Wer die Band kennt, weiß eigentlich, was einen erwartet. Vor allem im Gesangsbereich sind die Wikinger ja eher limitiert, aber neben einigen anderen (sehr kleinen) Experimenten hat auch Johan Hegg seiner Stimme wieder ein bis zwei (ebenfalls kleine) Facetten hinzugefügt, was dem Ganzen sehr gut zu Gesicht steht.

Eine Überraschung gibt es gleich im Opener (ist auch der Titeltrack). Dieser wird neben den typischen Riffs und der einfachen, aber umso eingängigeren Melodie durch ein Solo von Children Of Bodom Gitarrist Roope Latvala veredelt, das sofort an dessen Stammband erinnert und trotzdem passt wie die Faust aufs Auge. Das Gros der restlichen Stücke ist die gewohnte, einzig und allein auf den genialen Riffs aufgebaute Death Metal Kost. Daran gibt es nichts auszusetzen, immerhin ist es das, was die Band am besten kann. Trotzdem (oder gerade deshalb) horcht man - wie bei jeder bisherigen Platte - doch das eine oder andere Mal ganz besonders auf. So bei "Guardians Of Asgaard" und "The Hero", die dank ihrer einfachen Mitgröl-Parts an "Pursuit Of The Vikings" erinnern und live ähnlich abgehen dürften wie dieser Klassiker. Hervorragend sind auch die Tracks "Varyags Of Miklagaard" (extrem guter Gesang, perfektes Maintheme und Mainriff) und "Tattered Banners And Bloody Flags" (eher getragenes, hymnisches Midtempo, ebenfalls mit tollem Gesang).

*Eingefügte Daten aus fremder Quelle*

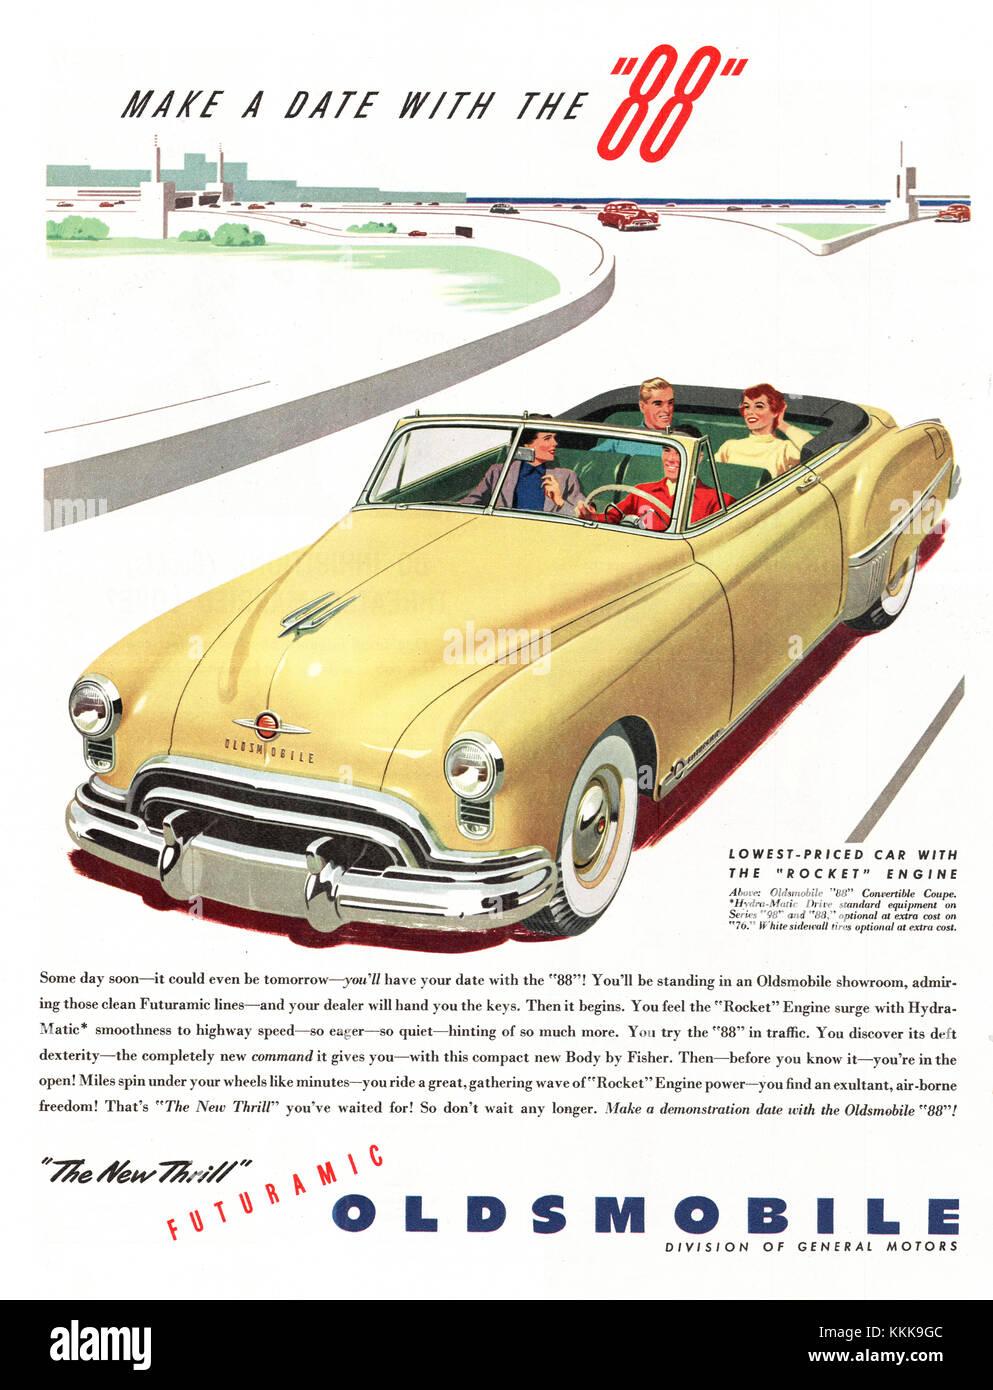 1949 U.S. Magazine Oldsmobile Car Advery Stock Photo, Royalty Free ...

Besonders hervorzuheben sind die letzten beiden Songs. In "Live For The Kill" werden die Schweden wieder aus ihrem Nachbarland Finnland unterstützt. Die Cello-Metaller Apocalyptica geben sich die Ehre und sorgen im Mittelteil des Liedes für Gänsehaut-Stimmung. Der Rausschmeißer "Embrace Of The Endless Ocean" ist nicht nur der längste Track des Albums, er ist auch eine Midtempo-Hymne, in der Keyboards (!) zum Einsatz kommen. Die wirken in diesem Fall aber keineswegs störend, sondern passen recht gut zu Amon Amarths Death Metal. Das Tasteninstrument kommt übrigens auch bei "The Hero" zum Einsatz... Soviel zur Weiterentwicklung im Hause Amon Amarth...

Alles in allem muss man sagen, dass sich - entgegen der Erwartungen vieler - das Wikinger-Thema weiterhin nicht abgenutzt hat. Die Band schafft es trotz nahezu völlig ausbleibender Weiterentwicklung nach wie vor zu begeistern - sie erinnern damit irgendwo an Motörhead und AC/DC. Auf dem neuen Album fehlt lediglich ein absoluter Überhit, wie er auf den letzten Veröffentlichungen jeweils zu finden war ("Death In Fire", "Pursuit Of The Vikings", "Cry Of The Black Birds" als Beispiele), dafür ist die Mischung diesmal sehr ausgewogen. Als einzigen Schwachpunkt kann ich "Where Is Your God?" ausmachen, das trotz Brutalo-Gesangs und Vollgas-Passagen etwas nichtssagend wirkt. Die Produktion ist ebenfalls wieder extrem gelungen, damit steht der Höchstwertung nichts im Wege.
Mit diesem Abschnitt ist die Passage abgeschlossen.